I am glad this game comes with card holders that allow me to look at all the cards without having to put them on the table. In a solo that would be fine of course but not so much when playing with others.

Thoughts:

  • I liked the book series and find myself in need of rereading.
  • I like the combo-nature of the card puzzle
  • As with all games with huge card stacks, there is a luck element in play (joker colors grey and orange help with that one)
  • I can already see how my partner is going to get stuck on this one. There is a lot of text to read and much possibility for optimization and hence AP.
  • the game state changes an awful lot between turns (the automa simulates that by doing two turns for each of yours) and longterm strategy becomes much harder when it is very likely a card you want is no longer there.
  • while very beautifully designed, the gameplay itself is not exactly evoking the theme (for me). I don’t mind but a direct comparison with Rocketmen makes the latter way more thematic driving home the huge difference between pretty art and thematic gameplay. (is the art then evoking the setting? this it does very much)
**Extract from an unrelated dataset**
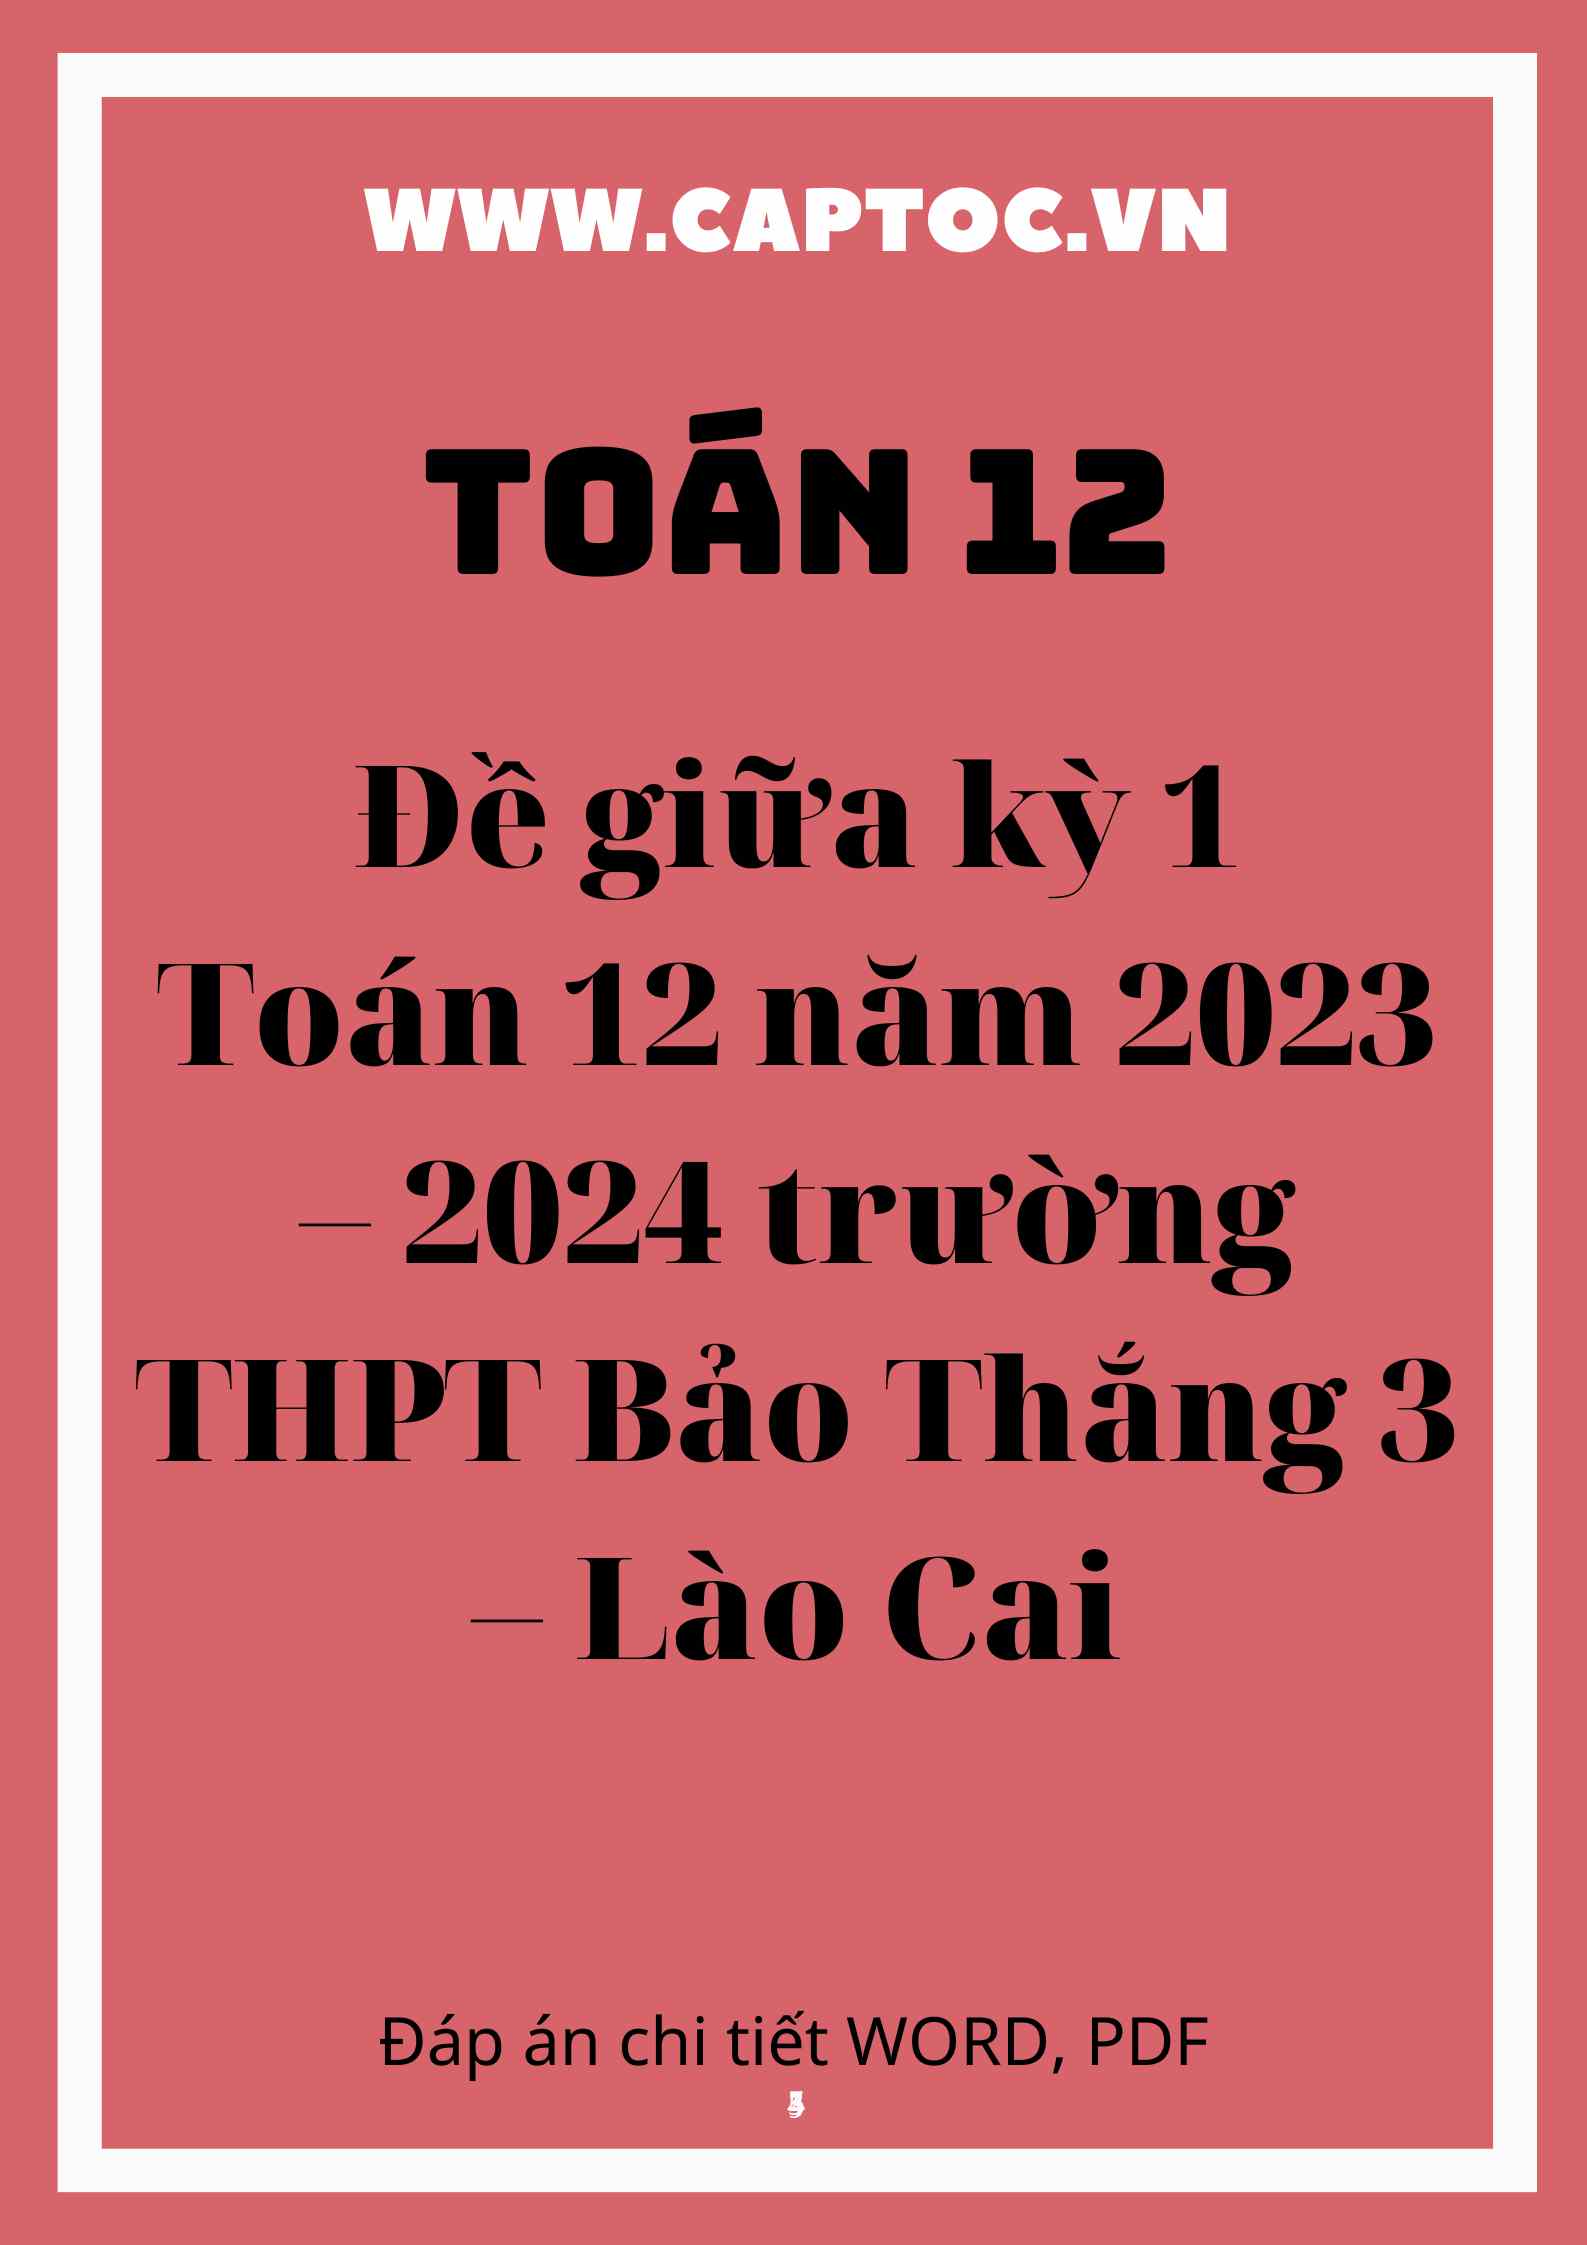 Đề giữa kỳ 1 Toán 12 năm 2023 – 2024 trường THPT Bảo Thắng 3 – Lào Cai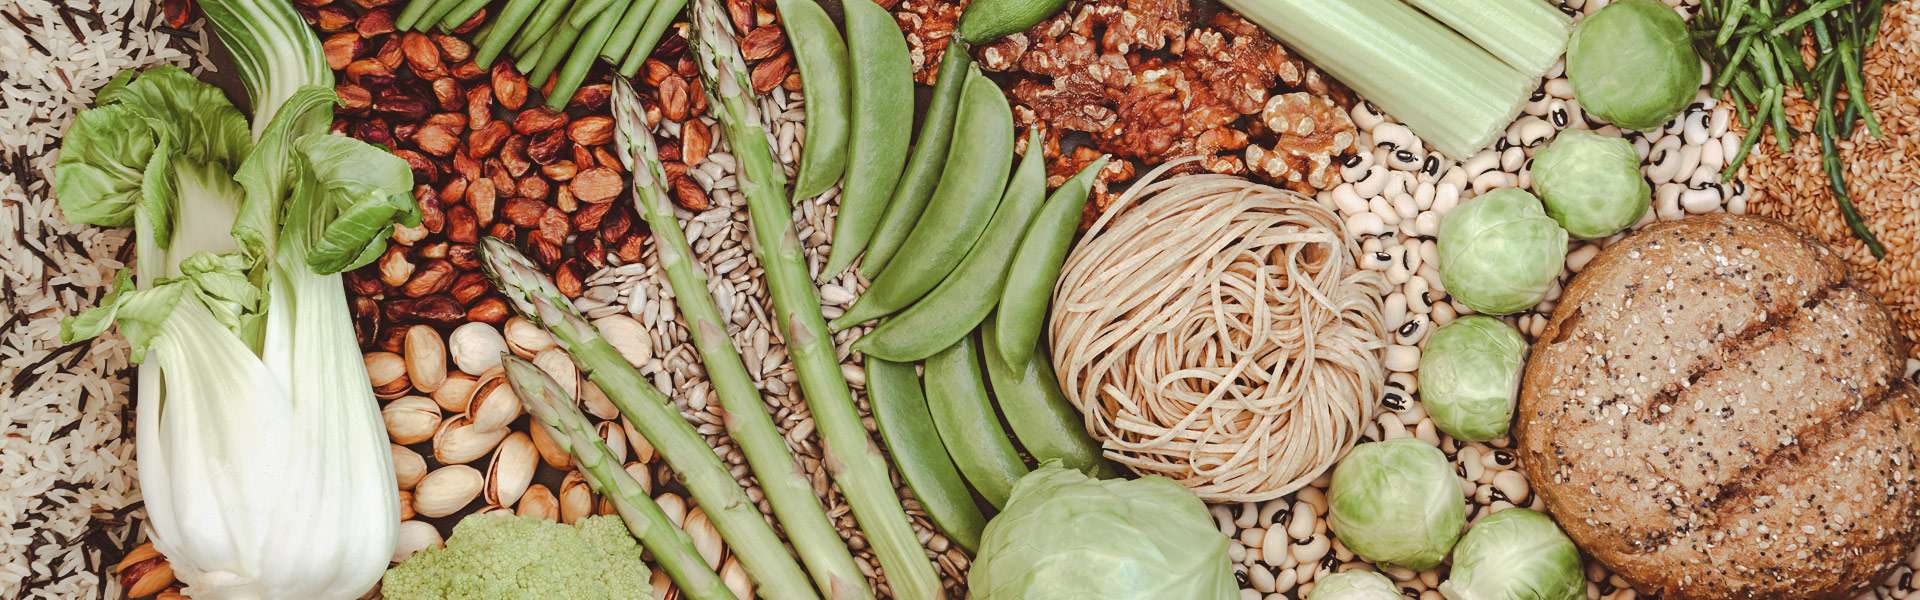 L’importanza dei vegetali e delle fibre nell’alimentazione

For now an 8/10 but that goes with already liking the setting from the books.

2 Likes

I quite liked Red Rising.

I think the thing I felt was happening was that you get to a point where you look for cards because of what they are (red, blue, first letter of name) rather than what they do so the first turns are quite slow but then they ramp up in pace as you start looking for things to make your deck work.

2 Likes

I found it extremely difficult to get additional cards in hand. It took me several turns to set up a state where I was able to draw two cards instead of just 1. My first game ended with 5 cards in hand.
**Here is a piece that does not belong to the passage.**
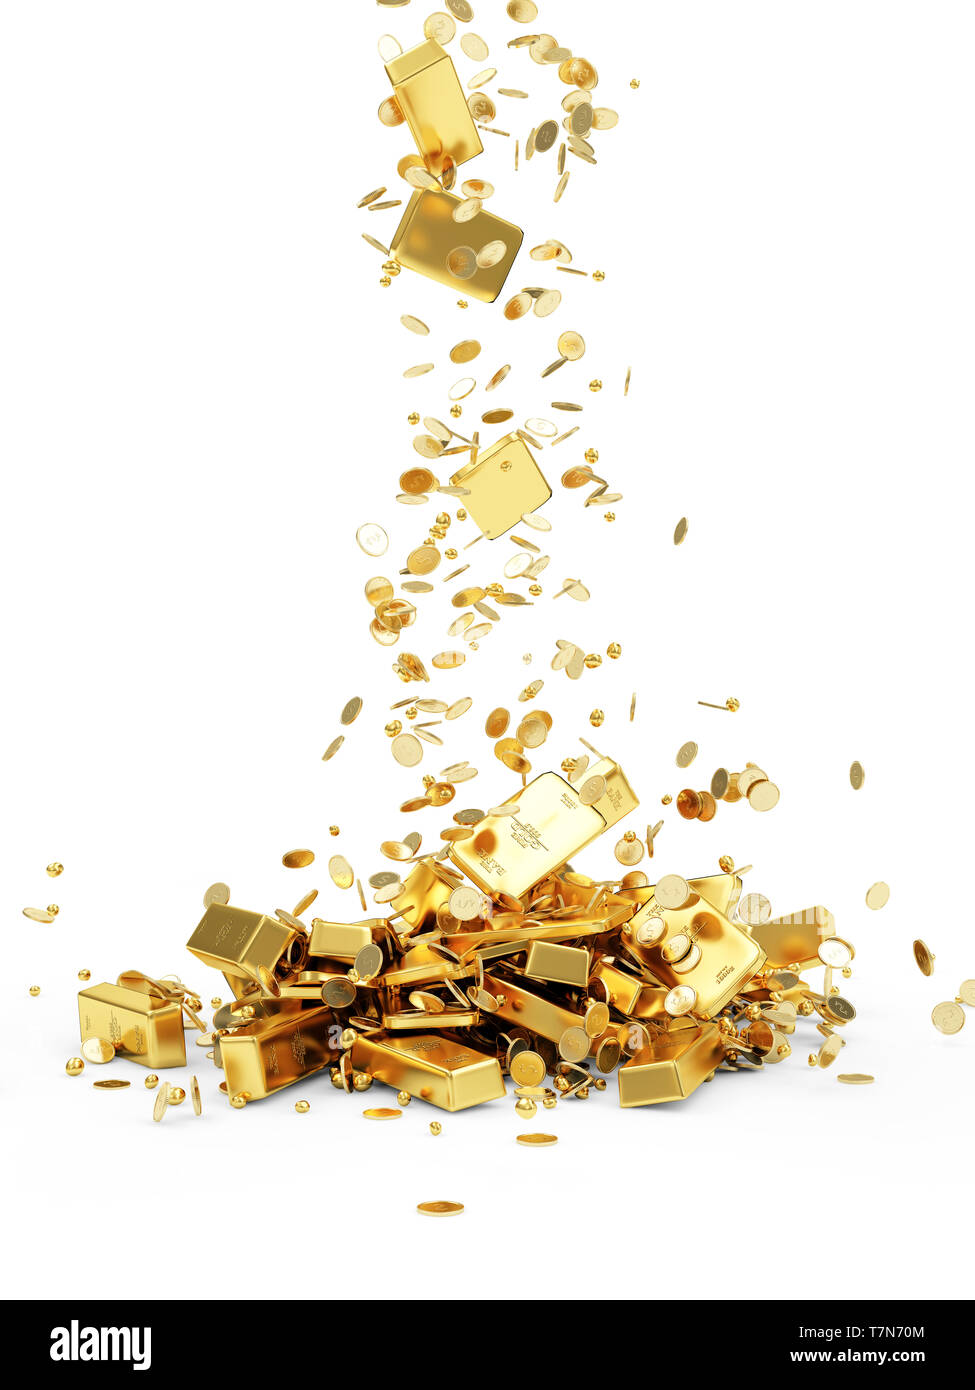 Der Schatz. Goldenen Barren, Münzen und Goldene Stücke isoliert auf weißem Hintergrund. Unternehmen finanzielle Konzept Stockfoto

In the second game I was already much better determining what was going to work.
I find grey and orange quite useful as they provide a named card or a color to fill out the hand but on the other hand keeping in mind which card I am using for what bonus…
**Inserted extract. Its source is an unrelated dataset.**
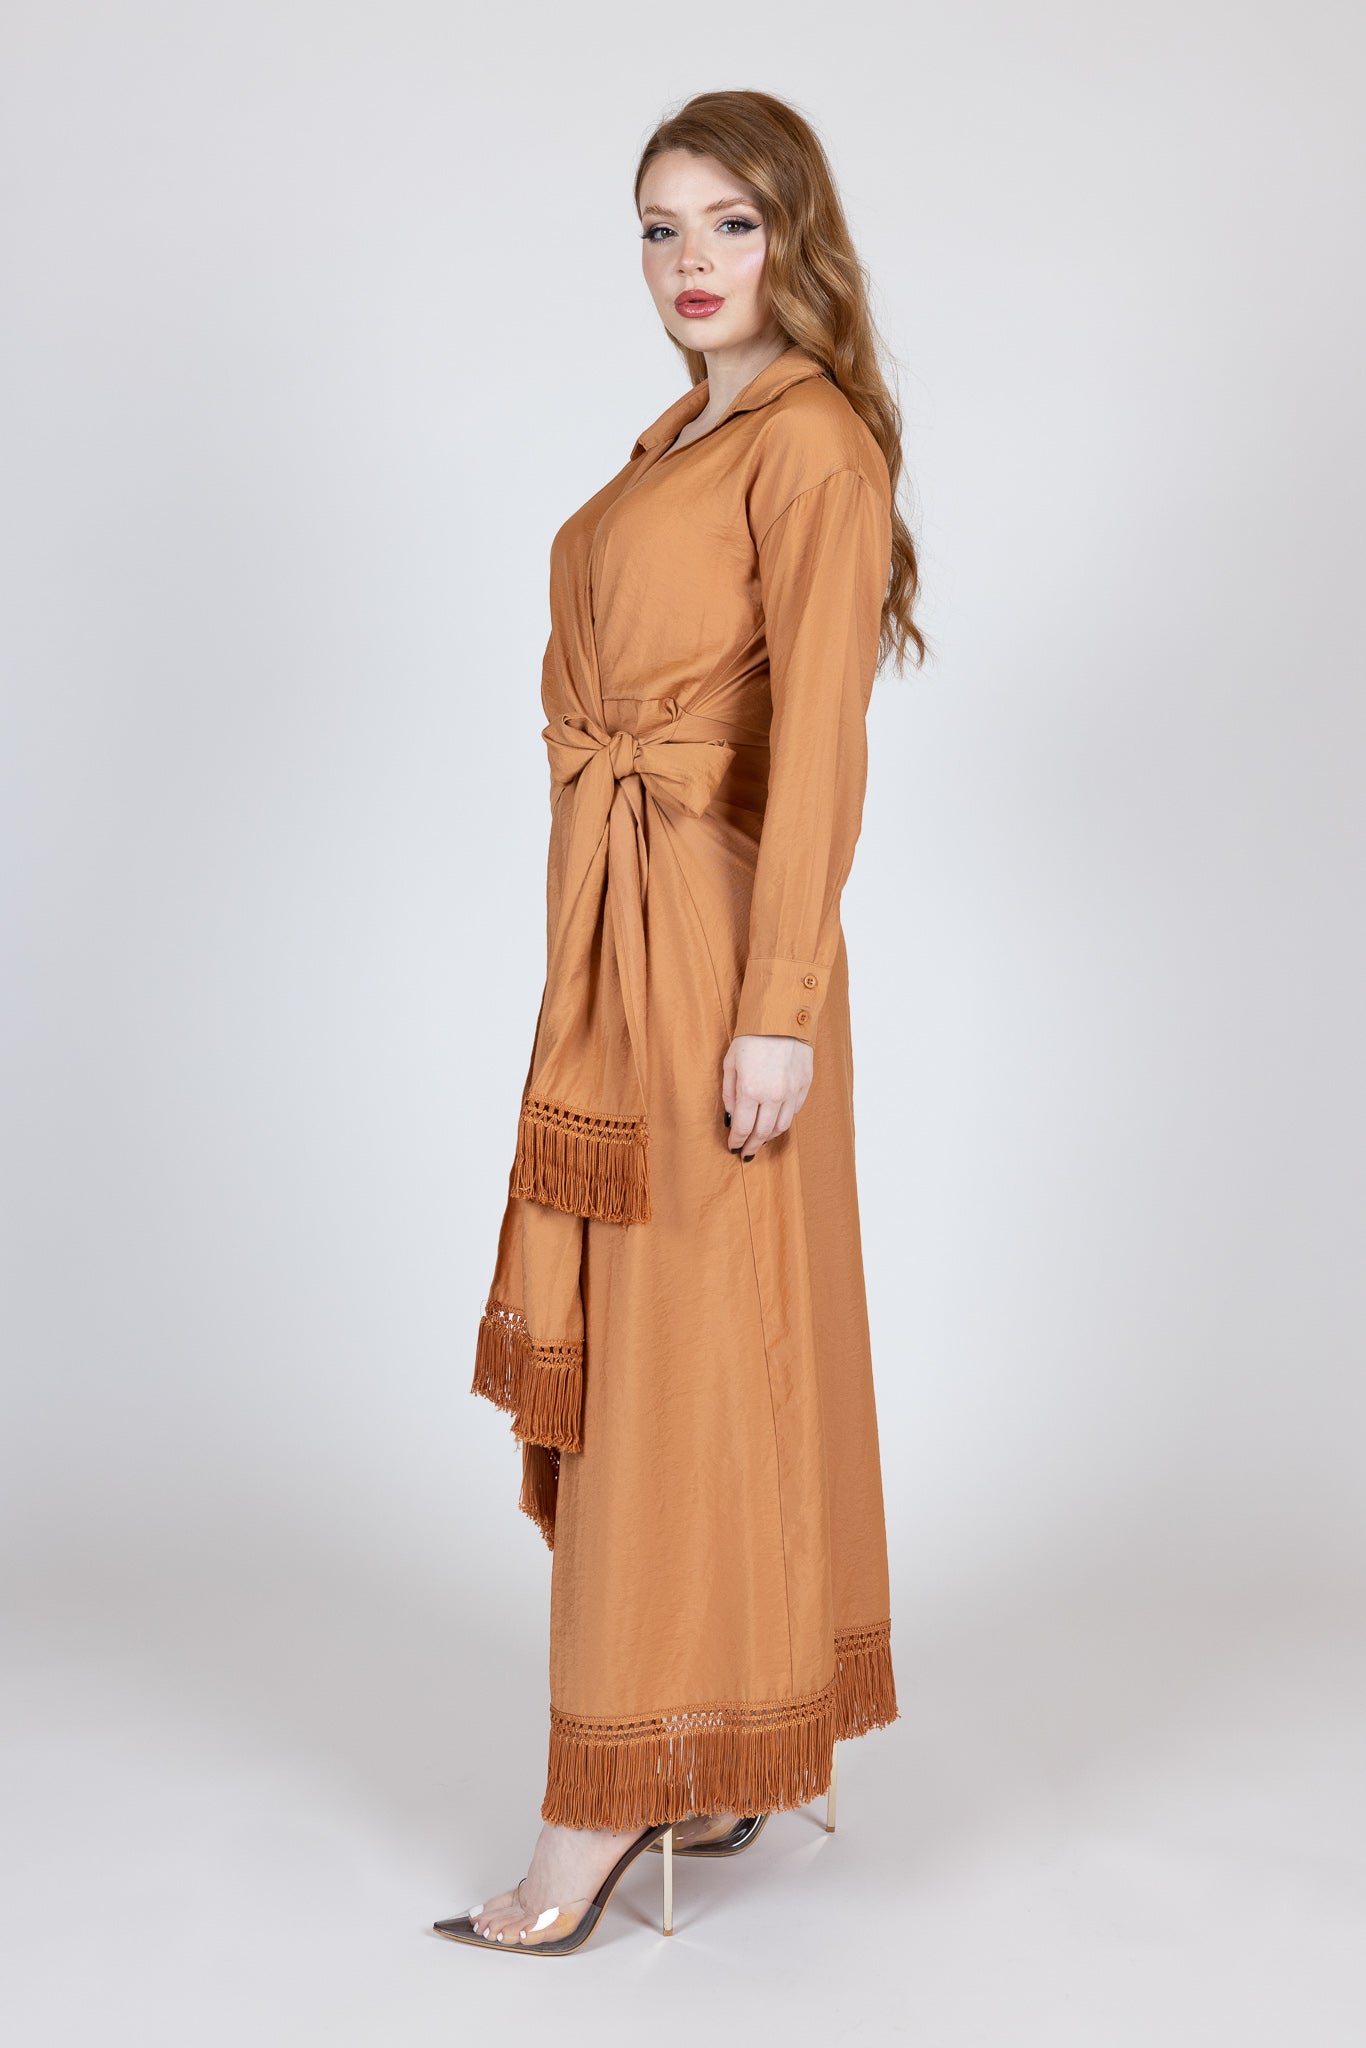 M00004Salmon-dress-abaya

I can’t wait to play again.

2 Likes

Blitzball League is not going well for the elves. Had 2 close loses where the opponent had a BS ability card to pull into the lead and I didn’t quite have the needed actions/cards to claw back a lead. One I could’ve forced a draw, but I wanted to risk it for a chance to take the lead. Didn’t quite work out. Then one confident win against the dark elves. A few challenges and early TDs were enough to keep a good lead. Almost had an overwhelming victory, but rolled a shove when all I wanted was a tackle.

6 out of 8 games in the playoffs. Score of 8. Need to win my last two games to make it to semis I think.

1 Like

My partner and I played a quick game of Junk Art last night, going Paris>Monaco>Hometown.
I had to push pretty hard in the Hometown game if I expected to win, and I had a pretty good shot until I collapsed the entire thing at once, earning all 5 of my fallen pieces and ending the game. Hubris? Hubris. Final tally was (my) 11 fans to (her) 14.

This morning I posted my first lap time on the Sweden track in Rallyman GT… and I’m gonna have another go at it. :sweat_smile: Lap time: 7m3s.

Not counting the amount of time I spent off the track, I did pretty well. My luck was weird. I’d take obvious opportunities to go flat out and fail catastrophically. But then, on the back foot and forced to be dangerous, I was nailing massive dice chains and raking in the tokens. 6/11 turns logged in 6th gear… But 4 spent in 00/0. :grimacing: (For reference that’s 6 minutes spent in park.)

[EDIT] I just can’t help myself (probably why I love it so much). 2nd attempt at 5m31s, with 3 minutes in the grass, and a back half with one fewer brake and coast die. It’s these damned mid-rear cars, is all. [This was in 11 turns again.]

[DOUBLE EDIT] Redemption. And the power of restraint. I finished a full turn shorter (10 taken) and, importantly, stayed on the damn road. With 16 tokens I clocked a 2m19s time.

5 Likes

Is it weird to say that I wish Red Rising wasn’t published by Stonemaier? The gameplay looks really interesting, but everything I’ve seen about it makes it look like a small box card game in an extremely overproduced box, which is an instant turn-off for me.

3 Likes

It’s heavily inspired by Fantasy Realms.